Scientific classification
- Kingdom: Animalia
- Phylum: Chordata
- Class: Aves
- Order: Passeriformes
- Family: Tyrannidae
- Genus: Inezia
- Species: I. tenuirostris
- Binomial name: Inezia tenuirostris (Cory, 1913)

= Slender-billed inezia =

- Genus: Inezia (bird)
- Species: tenuirostris
- Authority: (Cory, 1913)
- Conservation status: LC

Species of bird

The slender-billed inezia, or slender-billed tyrannulet, (Inezia tenuirostris) is a species of bird in the family Tyrannidae, the tyrant flycatchers. It is found in Colombia and Venezuela.

==Taxonomy and systematics==

The slender-billed inezia was originally described as Camptostoma pussillum tenuirostris, a subspecies of what is now the southern beardless tyrannulet (Camptostoma obsoletum). Some taxonomists later placed it as a full species in genus Phaeomyias and eventually in its current genus Inezia. Some ornithologists propose that Inezia is polyphyletic and that the slender-billed inezia should properly be in its own genus.

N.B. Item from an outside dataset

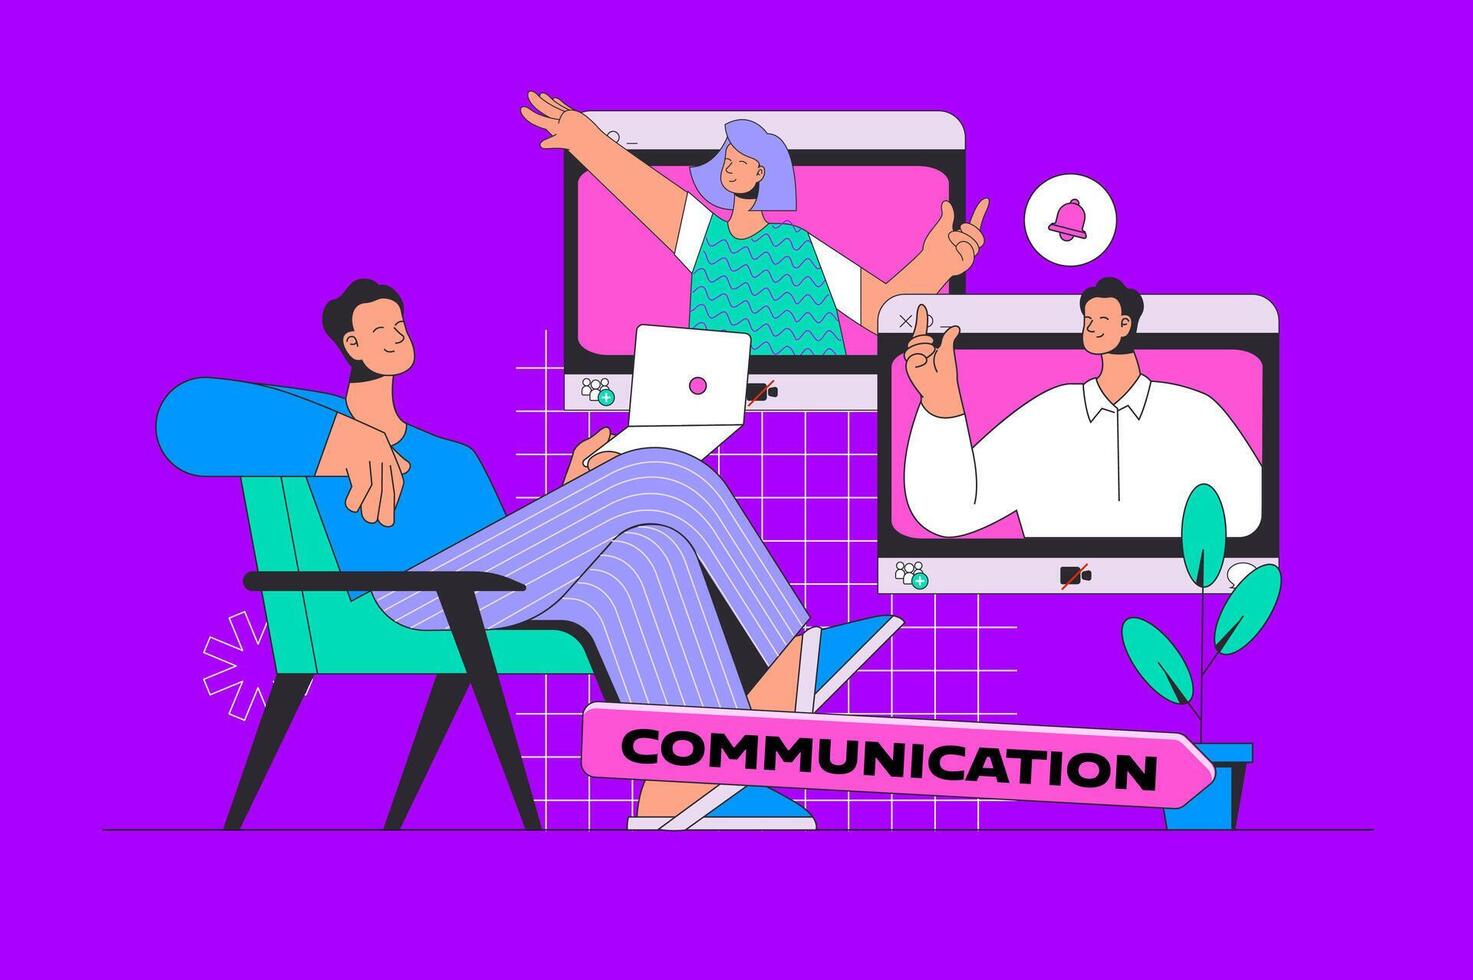 communication concept in modern flat design for web. Man calling online to friends or colleagues, talking at group chat. illustration for social media banner, marketing material. vector

The slender-billed inezia is monotypic.

==Description==

The slender-billed inezia is 9 to 9.5 cm long and weighs 5 to 6 g. The sexes have the same plumage. Adults have a grayish olive crown. Their face is mostly whitish with a thin white supercilium and a thin white eye-ring. Their back and rump are grayish olive. Their wings are dusky with dull white edges on the inner flight feathers and tips of the wing coverts; the latter show as two wing bars. Their tail is dusky olive with thin white outer edges and tips on the feathers. Their throat is whitish and their breast and belly dingy grayish white with a pale yellow tinge on the belly and undertail coverts. They have a dark brown iris, a needle-like black bill, and gray legs and feet.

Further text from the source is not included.